**REQUIREMENT:** Set down the data below exactly; pictures stay out.

[EXERCISE DATA]

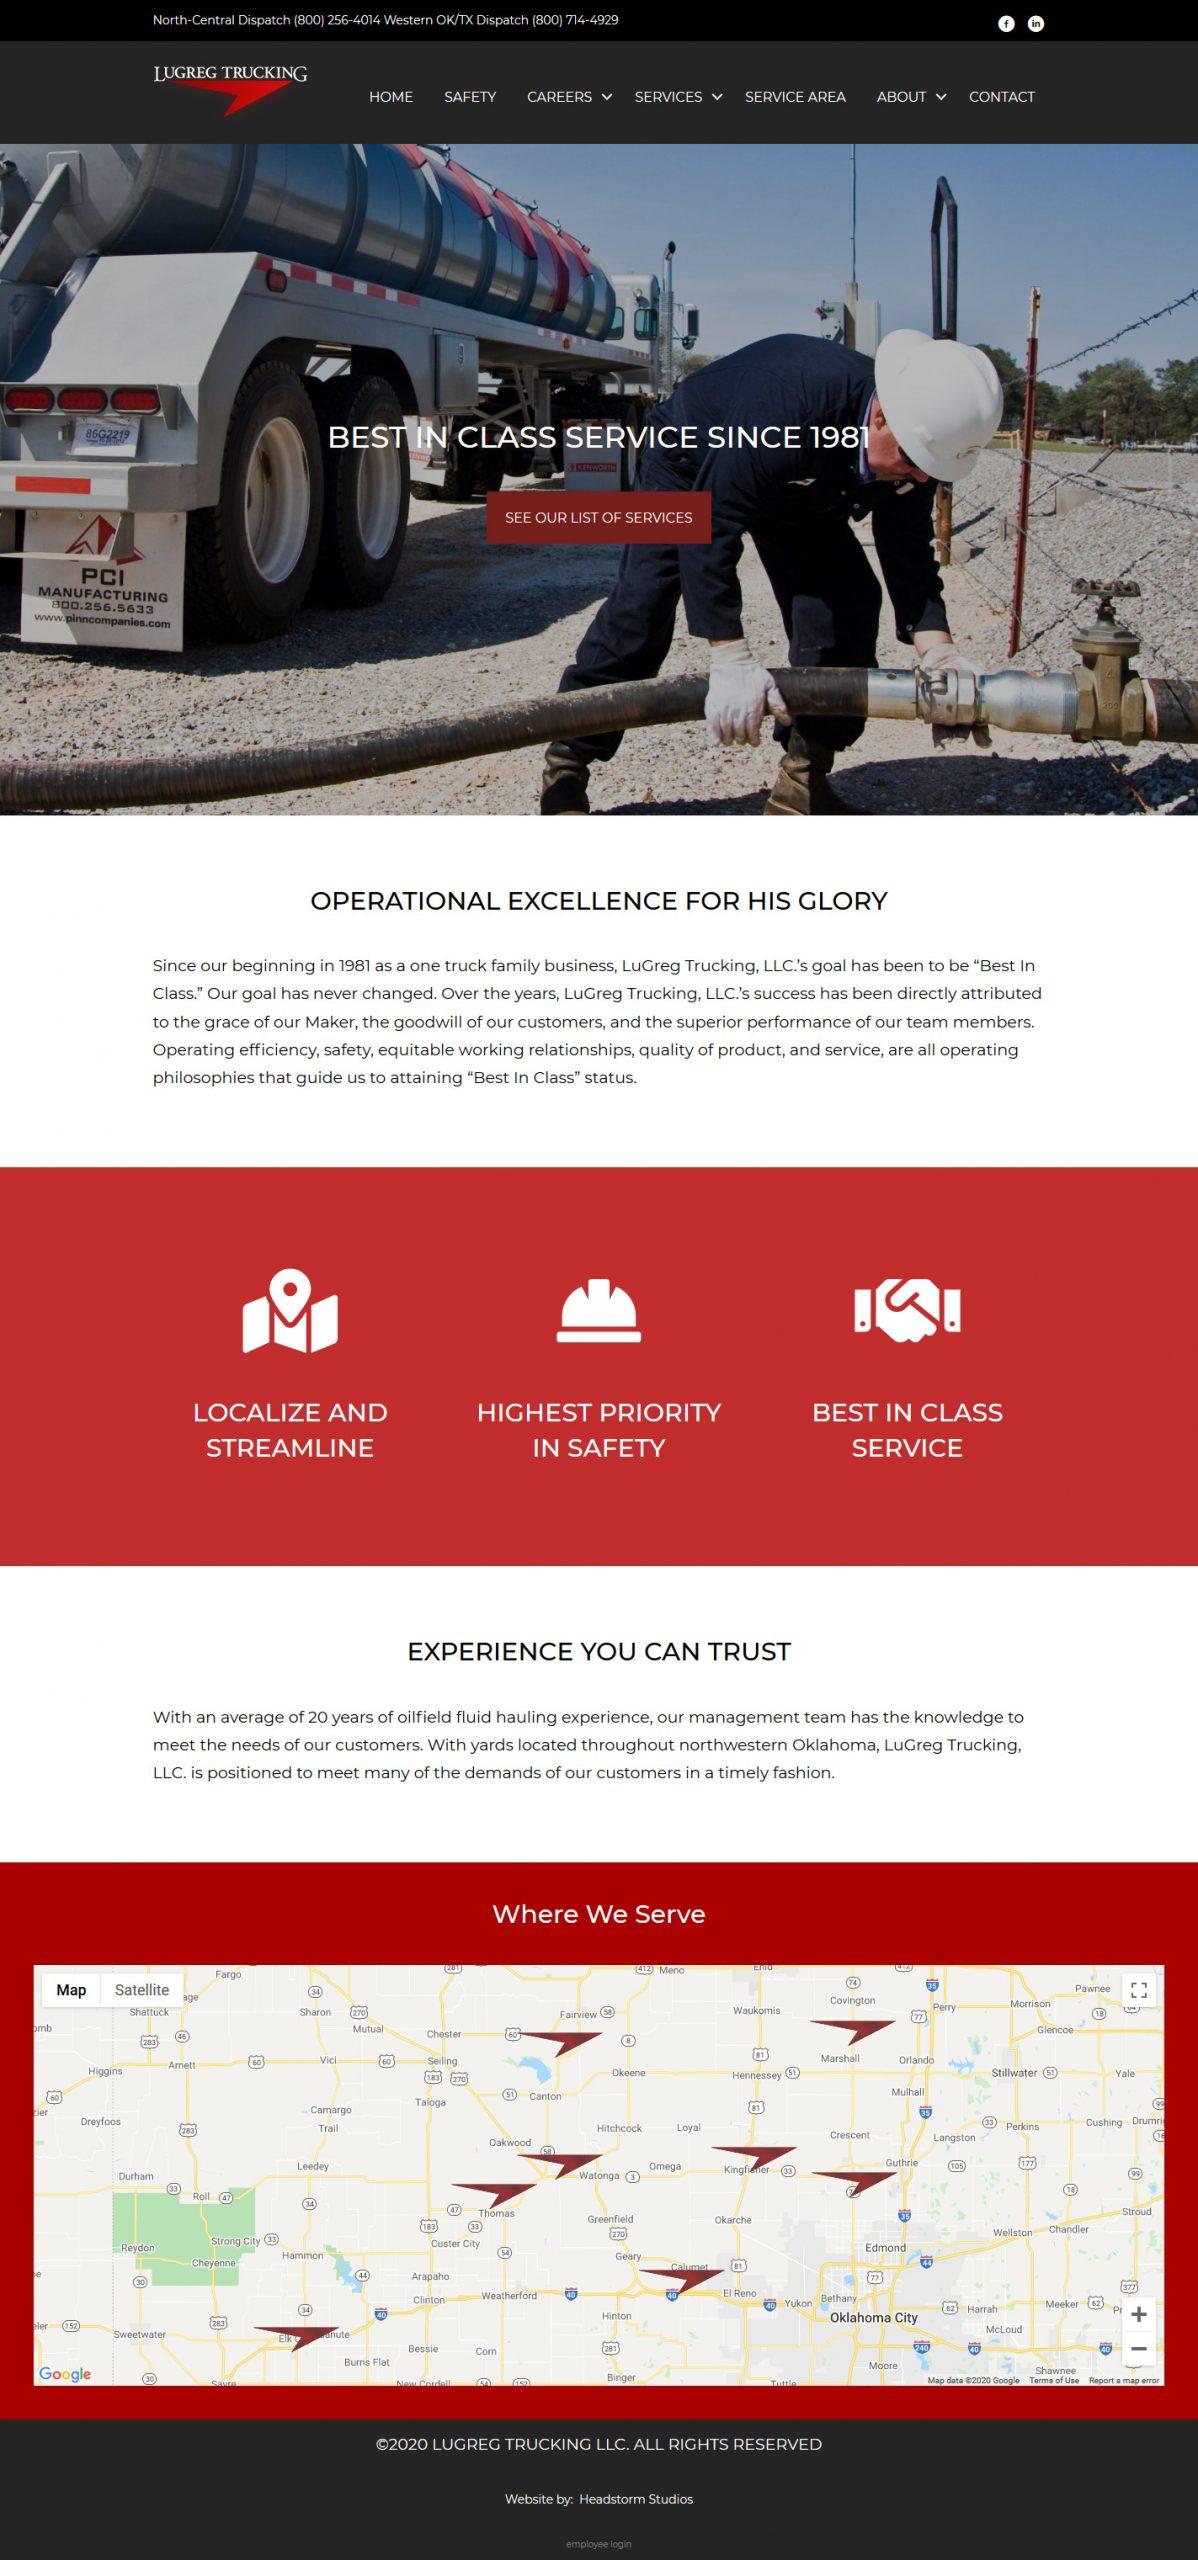 lugreg-trucking-website-design-okc-headstorm-studios
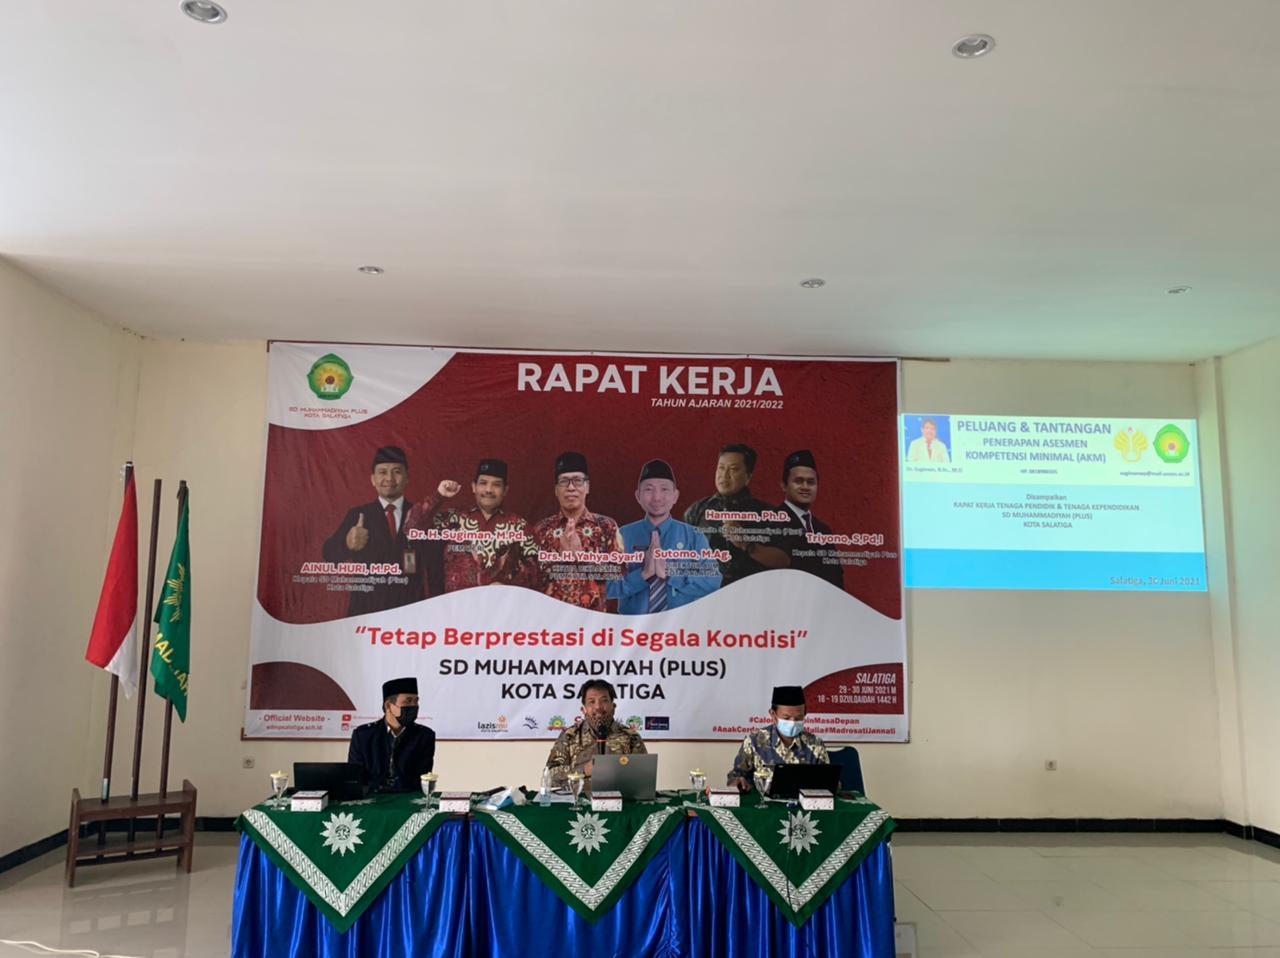 rapat kerja sd muhammadiyah plus salatiga tahun ajaran 2020/2021
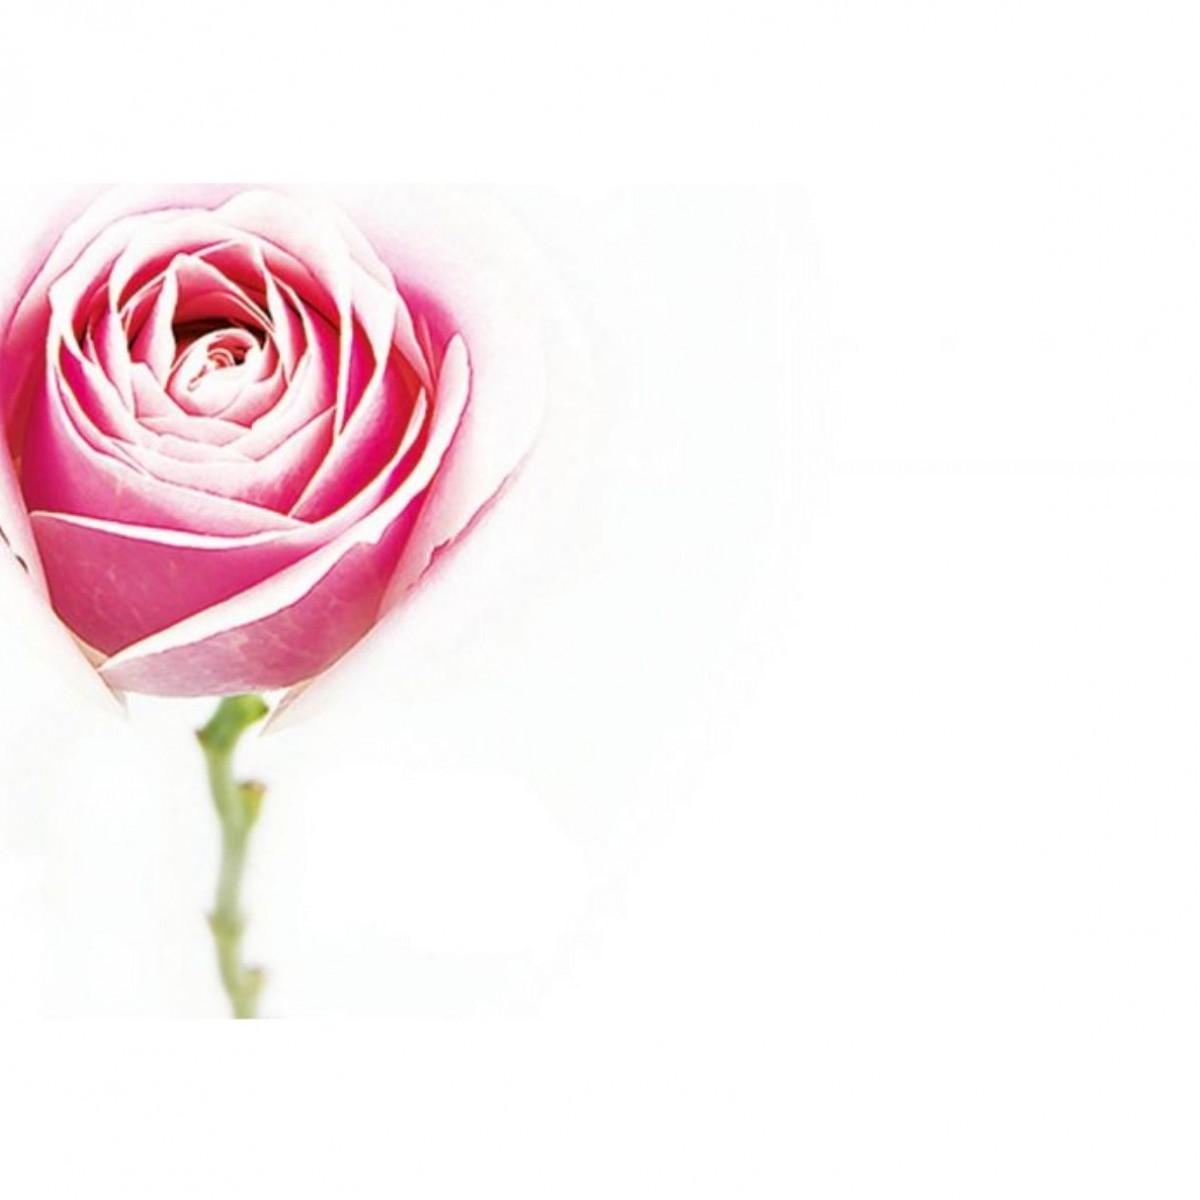 4509 Rose Pink 9x6cm 50x1 Cards

[/EXERCISE DATA]

**SOLUTION TO THE PROBLEM:**
 lugreg-trucking-website-design-okc-headstorm-studios
 rapat kerja sd muhammadiyah plus salatiga tahun ajaran 2020/2021
 4509 Rose Pink 9x6cm 50x1 Cards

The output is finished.